Snapshots persist in .smallcode/snapshots/.
Sessions & Memory: Sessions auto‑save; use /sessions list and resume.
A persistent scratchpad serves as working memory; the evidence store captures what was tried and failed, aiding future runs.
Skills & Plugins: Six built‑in skills (brainstorming, debugging, tdd, etc.) load from skills/.
Manage with /skill list, /skill use.
Plugins can be installed via /plugin.
Adaptive Routing: Tracks per‑model failure rates; auto‑switches to SMALLCODE_MODEL_MEDIUM/STRONG when thresholds (0.3/0.6) are crossed.

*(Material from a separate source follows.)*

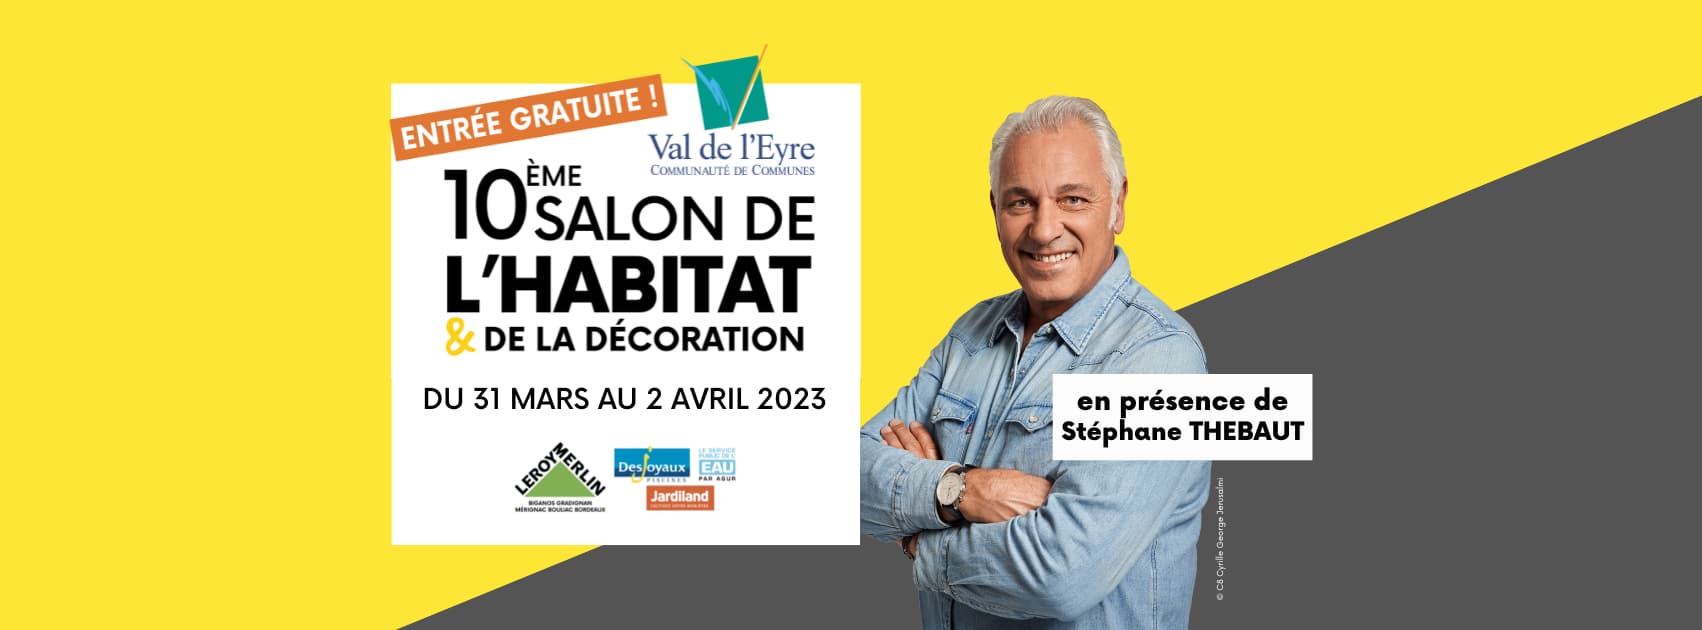 Salon de l'habitat 2023 - Val de l'Eyre Le Barp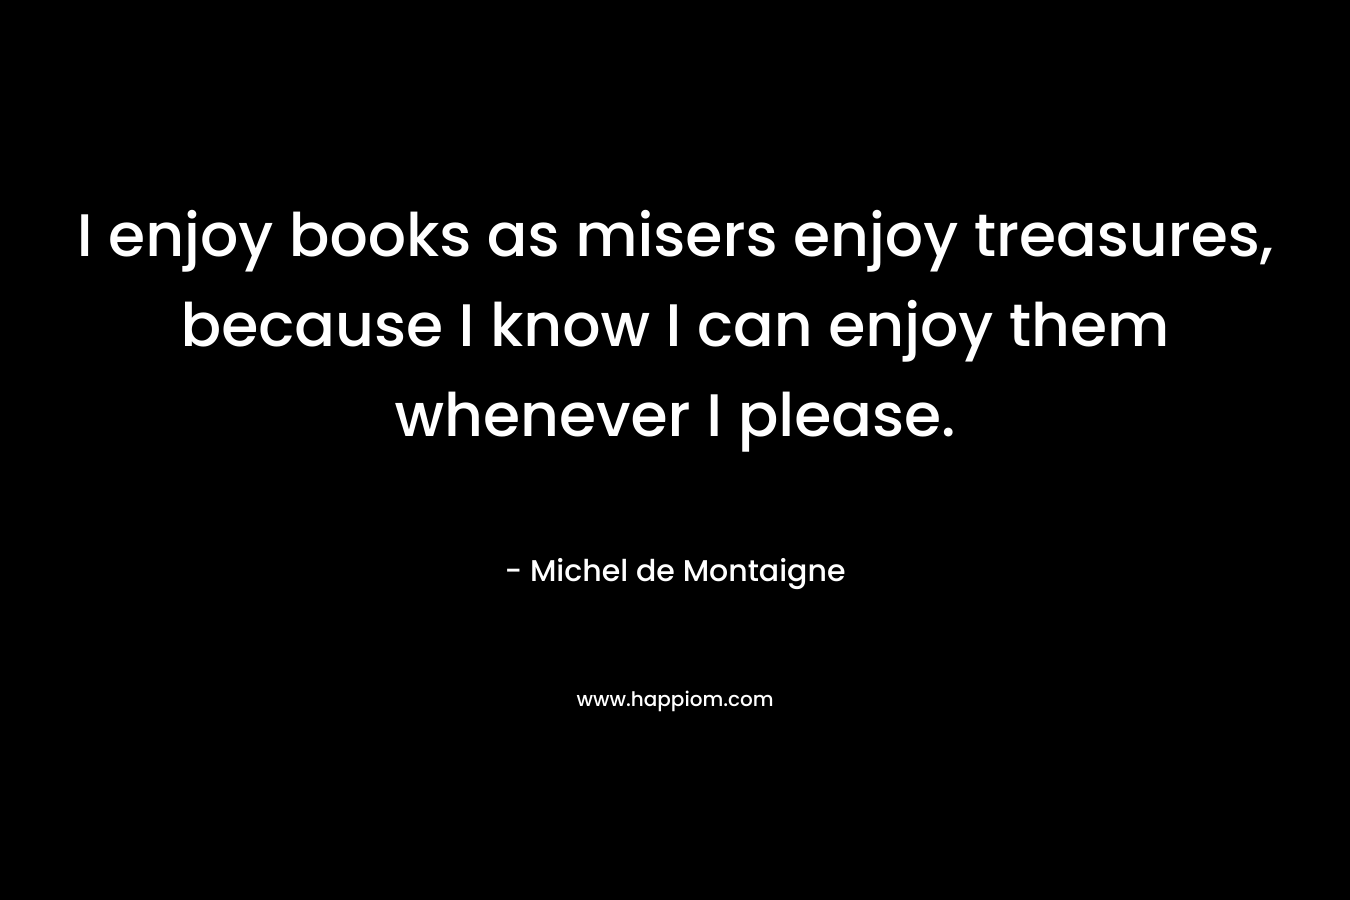 I enjoy books as misers enjoy treasures, because I know I can enjoy them whenever I please.

Cognition & Scaffolding: MarrowScript compiles to TypeScript for caching, retries, and validation.
BoneScript scaffolds a complete Node.js backend from a single .bone file.
Configuration & Upgrades: Support for .env and legacy .smallcode.toml.
Benchmarks run with npm run bench:smoke, bench:polyglot, bench:tools.